# Sump



## nfored (Mar 31, 2008)

Okay, so I come from a forum that has mostly fresh water fish keepers MFK.

I have never seen so many people say they don't see the point in a SUMP for FW tanks as I do on this forum. So my question is this, all of you who have that feeling, do you run fresh water also or manly SW?

I would like to have an actual discussion about this not an argument. So regardless of if your run FW or SW, if you feel sump is pointless on FW, I am interested in hearing your reasoning. I am also interested in hearing reason for sump on FW.


----------



## wake49 (Jul 2, 2008)

A sump is a sump is a sump. You can easily use it on FW as it provides a place to hide equipment (heaters, thermometers, UV sterilizer, CO2 systems, filter media, etc.). It might not be as necassary as a marine tank, but it can serve the purpose for FW too. I run a small FW tank with no sump, just HOB, but if I went bigger I would run a sump.


----------



## cerianthus (Jul 13, 2008)

Sump concept can be apllied to any tanks. 
Only draw back with sump/overflow is that in case with dutch aquarium (planted tank), i would not recommend unless modified. 
Of course if you can remove any leaves which may have caught up on strainer/overflowflow thus eliminating the possibilites of overflowing the tank, why not?

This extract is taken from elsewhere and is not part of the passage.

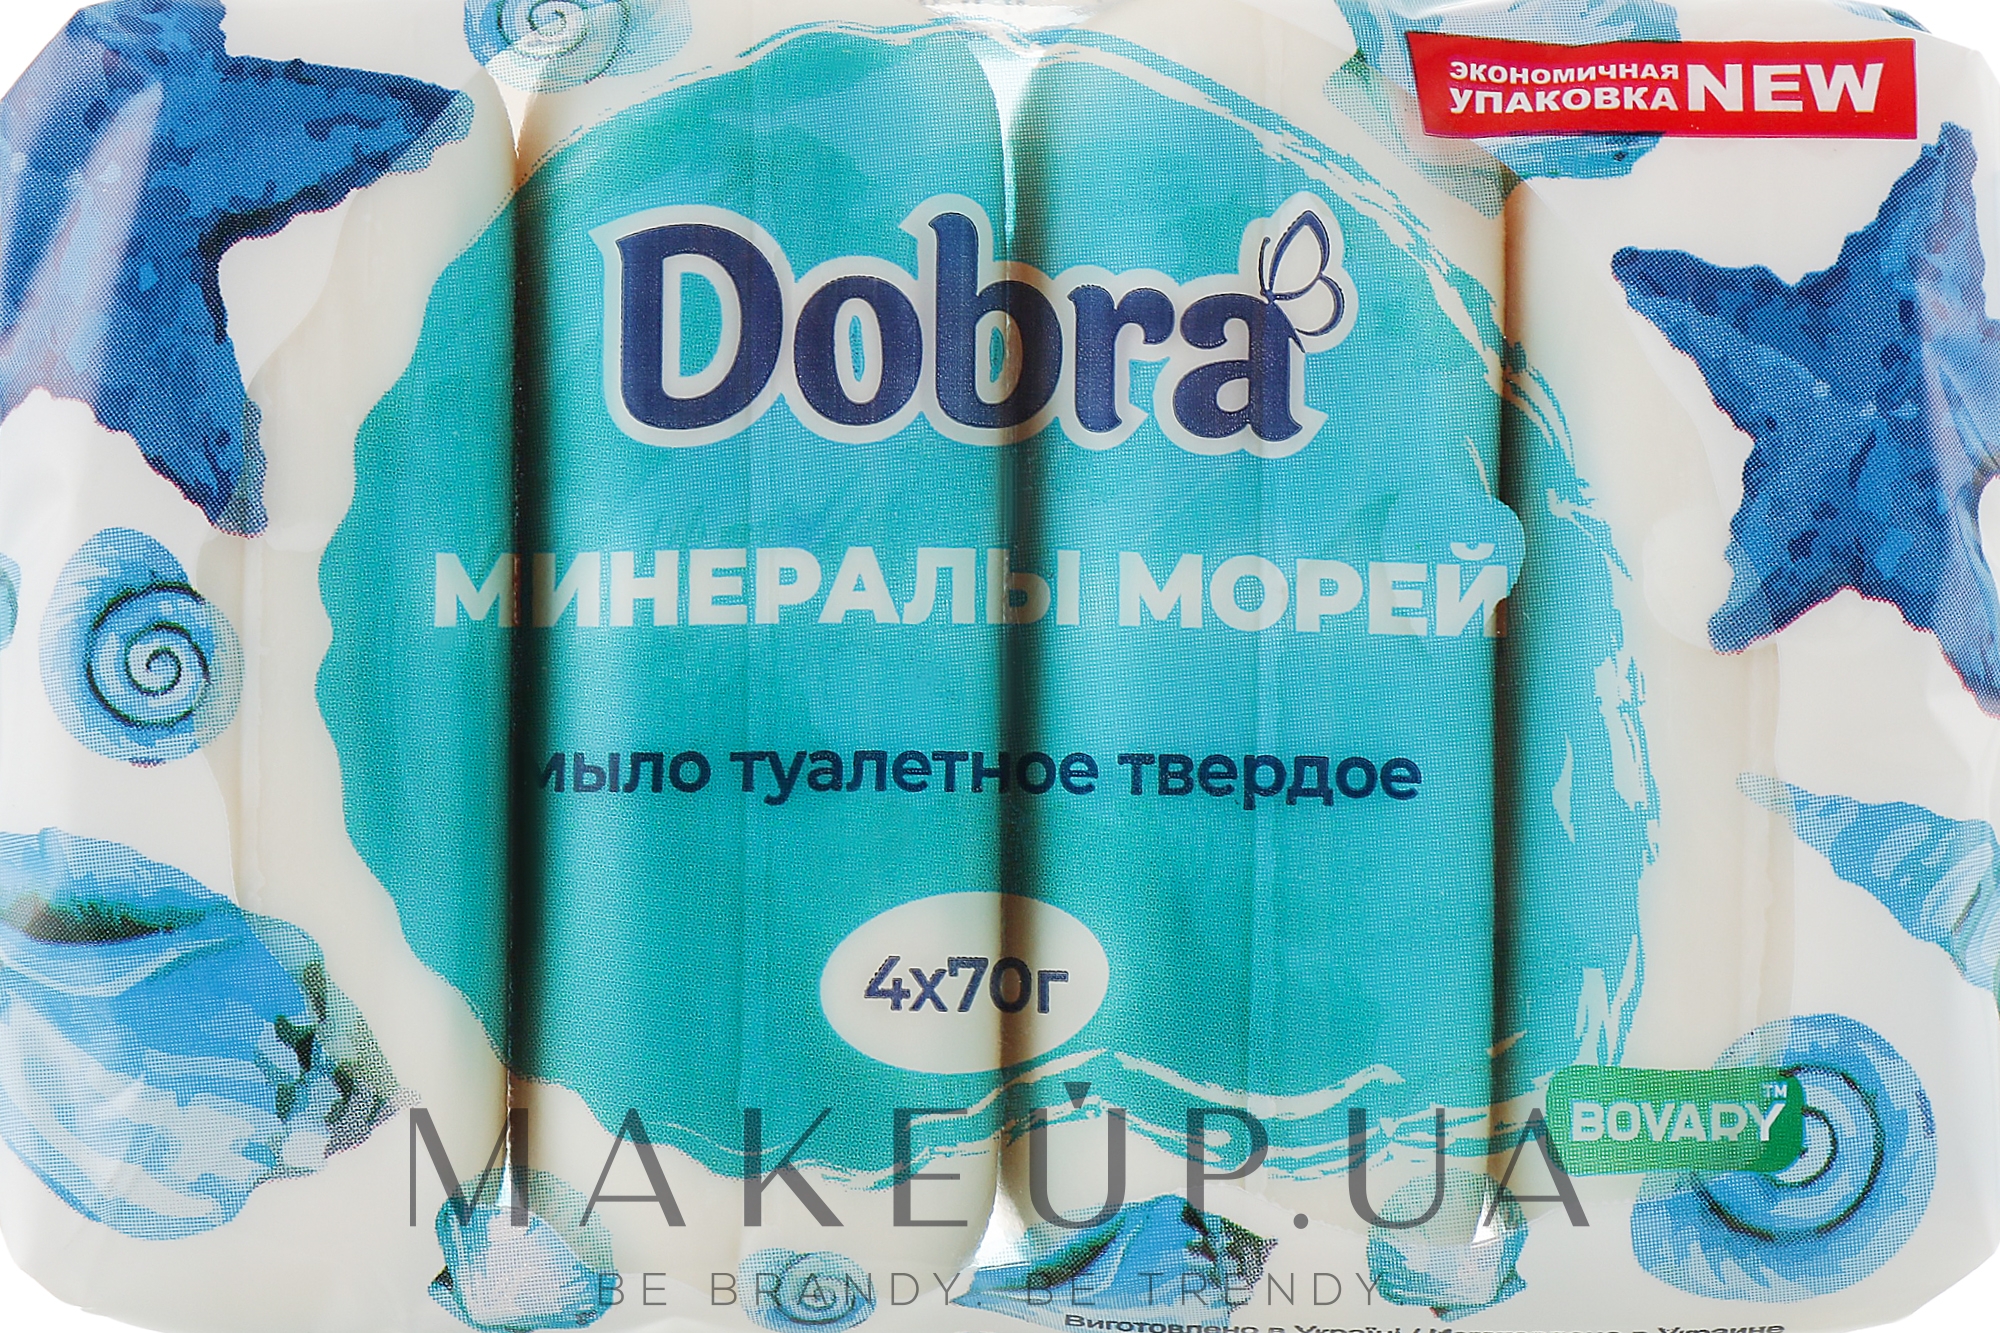 Мыло туалетное "Минералы морей" - Мыловаренные традиции Dobra Bovary — фото 4x70g
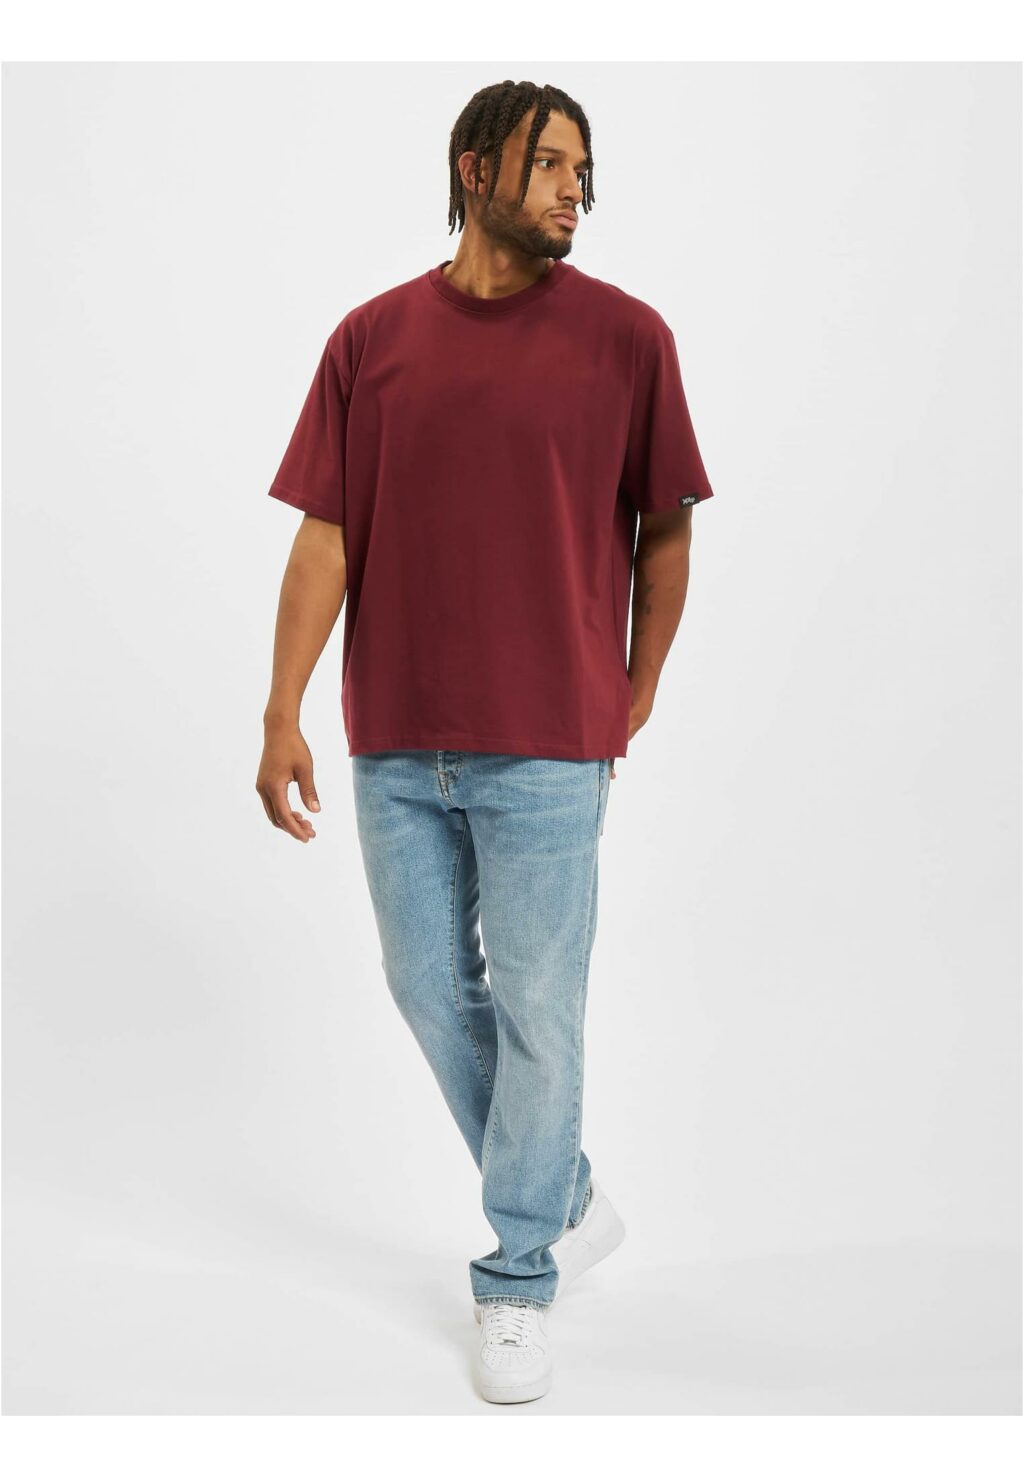 Kizil T-Shirt burgundy JRTS676

As leaves pile up/block the water flow, water level will rise and can overflow and as water overflows, the water level will get low enough in the sump to run the pumps/equipments dry. 
This can be nightmare, even with ATO (auto top off) system where water on the floor and burned out equipments, not too mentioned possibility of fire may/can result.. 
Should protect the system with water detect and shut off system by detecting water on the floor(similar to one used for dishwashe/washing machne) *OR* Float switch ( Or Infrared water level Sensor) which can shut the system down when water goes too high in the tank /float switch in the sump to shut off system when water level drops.

Not trying to scare people but be aware of consequences when improperly managed.

When properly *DESIGNED/maintained* (even modification to overflow to prevent fish from getting into drainage system) , it should be the best system for any types of tank.


----------



## Pasfur (Mar 29, 2008)

In my opinion, this depends greatly on the bioload. In freshwater systems with a high bioload, traditional trickle style filters will supply the greatest amount of nitrifying bacteria. This would generally require a sump system. However, most freshwater tanks do not fit this description, so the added costs of a sump are simply not a necessity.

On a marine system, there is a huge benefit to the sump, because equipment use is often far greater. It is not unusual to see a marine system with a protein skimmer, refugium, calcium reactor, phos reactor, UV sterilizer, and even an automatic top off system. This equipment would be very unsightly without a sump.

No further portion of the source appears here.